■ **Task to carry out**
Repeat the entries below exactly. Begin with the first line and end with the line that contains "Shimano Shimano Mount".

Start of Task material

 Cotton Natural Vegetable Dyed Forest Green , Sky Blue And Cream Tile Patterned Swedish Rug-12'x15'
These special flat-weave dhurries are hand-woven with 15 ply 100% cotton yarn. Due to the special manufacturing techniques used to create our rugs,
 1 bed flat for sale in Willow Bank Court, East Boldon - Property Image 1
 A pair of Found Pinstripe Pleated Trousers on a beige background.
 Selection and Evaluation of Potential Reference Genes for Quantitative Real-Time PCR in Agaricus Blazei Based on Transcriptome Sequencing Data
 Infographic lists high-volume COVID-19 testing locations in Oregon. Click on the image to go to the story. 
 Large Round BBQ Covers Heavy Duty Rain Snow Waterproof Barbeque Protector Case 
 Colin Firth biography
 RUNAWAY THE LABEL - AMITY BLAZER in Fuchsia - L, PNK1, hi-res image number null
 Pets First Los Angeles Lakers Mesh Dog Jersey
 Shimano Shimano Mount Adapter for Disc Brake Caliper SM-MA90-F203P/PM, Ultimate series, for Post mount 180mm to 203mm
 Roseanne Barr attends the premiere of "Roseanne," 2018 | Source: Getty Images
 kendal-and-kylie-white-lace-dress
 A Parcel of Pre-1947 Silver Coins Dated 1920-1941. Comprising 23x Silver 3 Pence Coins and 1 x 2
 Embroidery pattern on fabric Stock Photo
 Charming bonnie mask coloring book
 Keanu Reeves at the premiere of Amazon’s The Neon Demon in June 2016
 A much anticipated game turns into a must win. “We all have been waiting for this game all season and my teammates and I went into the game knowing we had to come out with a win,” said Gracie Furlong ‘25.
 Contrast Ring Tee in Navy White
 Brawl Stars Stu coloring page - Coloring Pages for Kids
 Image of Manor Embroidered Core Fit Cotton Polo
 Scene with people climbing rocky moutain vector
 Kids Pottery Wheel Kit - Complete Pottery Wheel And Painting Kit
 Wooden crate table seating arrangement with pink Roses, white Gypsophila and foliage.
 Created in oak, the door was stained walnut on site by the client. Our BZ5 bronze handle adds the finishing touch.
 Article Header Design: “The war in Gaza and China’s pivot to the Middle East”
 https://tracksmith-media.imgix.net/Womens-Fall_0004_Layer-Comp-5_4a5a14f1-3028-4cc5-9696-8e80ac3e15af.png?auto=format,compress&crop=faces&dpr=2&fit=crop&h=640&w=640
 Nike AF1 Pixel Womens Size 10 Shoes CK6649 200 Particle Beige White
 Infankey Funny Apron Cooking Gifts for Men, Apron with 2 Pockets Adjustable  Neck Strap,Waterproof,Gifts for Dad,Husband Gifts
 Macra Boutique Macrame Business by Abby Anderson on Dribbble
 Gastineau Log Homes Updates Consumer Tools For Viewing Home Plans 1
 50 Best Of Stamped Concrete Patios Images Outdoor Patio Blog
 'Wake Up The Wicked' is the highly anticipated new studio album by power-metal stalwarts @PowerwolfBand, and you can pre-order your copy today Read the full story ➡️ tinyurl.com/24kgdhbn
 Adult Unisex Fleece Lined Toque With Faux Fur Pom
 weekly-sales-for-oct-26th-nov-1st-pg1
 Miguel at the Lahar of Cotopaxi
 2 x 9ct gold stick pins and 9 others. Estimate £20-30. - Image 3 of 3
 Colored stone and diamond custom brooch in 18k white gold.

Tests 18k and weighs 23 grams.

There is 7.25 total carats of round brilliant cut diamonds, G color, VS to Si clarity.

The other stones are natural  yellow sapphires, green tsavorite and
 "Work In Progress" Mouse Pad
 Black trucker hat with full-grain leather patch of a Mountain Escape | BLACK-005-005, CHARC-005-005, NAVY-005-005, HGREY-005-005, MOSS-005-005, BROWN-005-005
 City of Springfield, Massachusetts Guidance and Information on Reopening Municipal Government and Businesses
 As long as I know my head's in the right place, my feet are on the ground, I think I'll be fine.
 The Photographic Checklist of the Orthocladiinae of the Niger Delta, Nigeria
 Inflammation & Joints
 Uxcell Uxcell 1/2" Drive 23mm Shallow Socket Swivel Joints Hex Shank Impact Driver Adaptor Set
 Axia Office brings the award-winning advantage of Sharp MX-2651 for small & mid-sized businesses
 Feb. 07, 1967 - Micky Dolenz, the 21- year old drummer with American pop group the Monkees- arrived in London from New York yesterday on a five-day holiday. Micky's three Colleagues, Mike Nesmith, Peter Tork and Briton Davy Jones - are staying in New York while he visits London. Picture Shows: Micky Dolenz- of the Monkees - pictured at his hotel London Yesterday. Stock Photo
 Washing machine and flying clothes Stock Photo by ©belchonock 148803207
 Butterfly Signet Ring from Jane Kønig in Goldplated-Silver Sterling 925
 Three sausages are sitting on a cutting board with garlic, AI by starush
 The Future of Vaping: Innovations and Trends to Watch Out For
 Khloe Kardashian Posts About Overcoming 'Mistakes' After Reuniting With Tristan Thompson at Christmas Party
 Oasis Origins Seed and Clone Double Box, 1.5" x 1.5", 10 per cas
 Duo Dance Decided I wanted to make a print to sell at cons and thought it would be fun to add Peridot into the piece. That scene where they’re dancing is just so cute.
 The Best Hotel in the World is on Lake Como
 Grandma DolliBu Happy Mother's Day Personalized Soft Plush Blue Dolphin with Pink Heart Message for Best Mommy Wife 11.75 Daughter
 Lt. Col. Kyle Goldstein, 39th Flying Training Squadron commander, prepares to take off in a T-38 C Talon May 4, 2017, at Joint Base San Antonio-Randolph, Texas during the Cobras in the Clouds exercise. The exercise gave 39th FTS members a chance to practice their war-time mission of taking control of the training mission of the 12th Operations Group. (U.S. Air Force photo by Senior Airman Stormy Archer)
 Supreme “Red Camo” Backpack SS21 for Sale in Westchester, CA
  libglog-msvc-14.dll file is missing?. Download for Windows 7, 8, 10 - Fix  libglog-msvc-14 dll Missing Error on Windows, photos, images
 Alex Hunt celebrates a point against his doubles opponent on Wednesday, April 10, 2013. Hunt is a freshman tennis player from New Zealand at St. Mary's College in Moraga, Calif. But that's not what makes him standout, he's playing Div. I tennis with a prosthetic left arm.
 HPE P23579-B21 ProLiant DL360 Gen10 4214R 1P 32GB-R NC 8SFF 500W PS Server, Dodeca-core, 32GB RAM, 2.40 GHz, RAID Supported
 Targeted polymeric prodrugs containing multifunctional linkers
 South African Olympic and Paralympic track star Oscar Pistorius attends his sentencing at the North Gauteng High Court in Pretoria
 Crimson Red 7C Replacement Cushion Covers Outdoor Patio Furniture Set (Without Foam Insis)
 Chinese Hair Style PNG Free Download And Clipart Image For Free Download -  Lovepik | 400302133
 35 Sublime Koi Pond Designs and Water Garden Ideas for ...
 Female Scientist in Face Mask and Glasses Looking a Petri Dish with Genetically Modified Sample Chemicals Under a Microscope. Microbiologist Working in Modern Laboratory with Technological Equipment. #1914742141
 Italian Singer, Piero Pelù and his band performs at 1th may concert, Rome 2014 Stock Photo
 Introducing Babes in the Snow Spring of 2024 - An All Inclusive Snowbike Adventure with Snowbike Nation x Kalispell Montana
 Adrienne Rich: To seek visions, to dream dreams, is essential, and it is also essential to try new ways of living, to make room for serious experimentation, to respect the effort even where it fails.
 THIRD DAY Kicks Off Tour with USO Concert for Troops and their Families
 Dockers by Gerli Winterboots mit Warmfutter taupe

End of Task material

■ **Output for this task**
 Cotton Natural Vegetable Dyed Forest Green , Sky Blue And Cream Tile Patterned Swedish Rug-12'x15'
These special flat-weave dhurries are hand-woven with 15 ply 100% cotton yarn. Due to the special manufacturing techniques used to create our rugs,
 1 bed flat for sale in Willow Bank Court, East Boldon - Property Image 1
 A pair of Found Pinstripe Pleated Trousers on a beige background.
 Selection and Evaluation of Potential Reference Genes for Quantitative Real-Time PCR in Agaricus Blazei Based on Transcriptome Sequencing Data
 Infographic lists high-volume COVID-19 testing locations in Oregon. Click on the image to go to the story. 
 Large Round BBQ Covers Heavy Duty Rain Snow Waterproof Barbeque Protector Case 
 Colin Firth biography
 RUNAWAY THE LABEL - AMITY BLAZER in Fuchsia - L, PNK1, hi-res image number null
 Pets First Los Angeles Lakers Mesh Dog Jersey
 Shimano Shimano Mount Adapter for Disc Brake Caliper SM-MA90-F203P/PM, Ultimate series, for Post mount 180mm to 203mm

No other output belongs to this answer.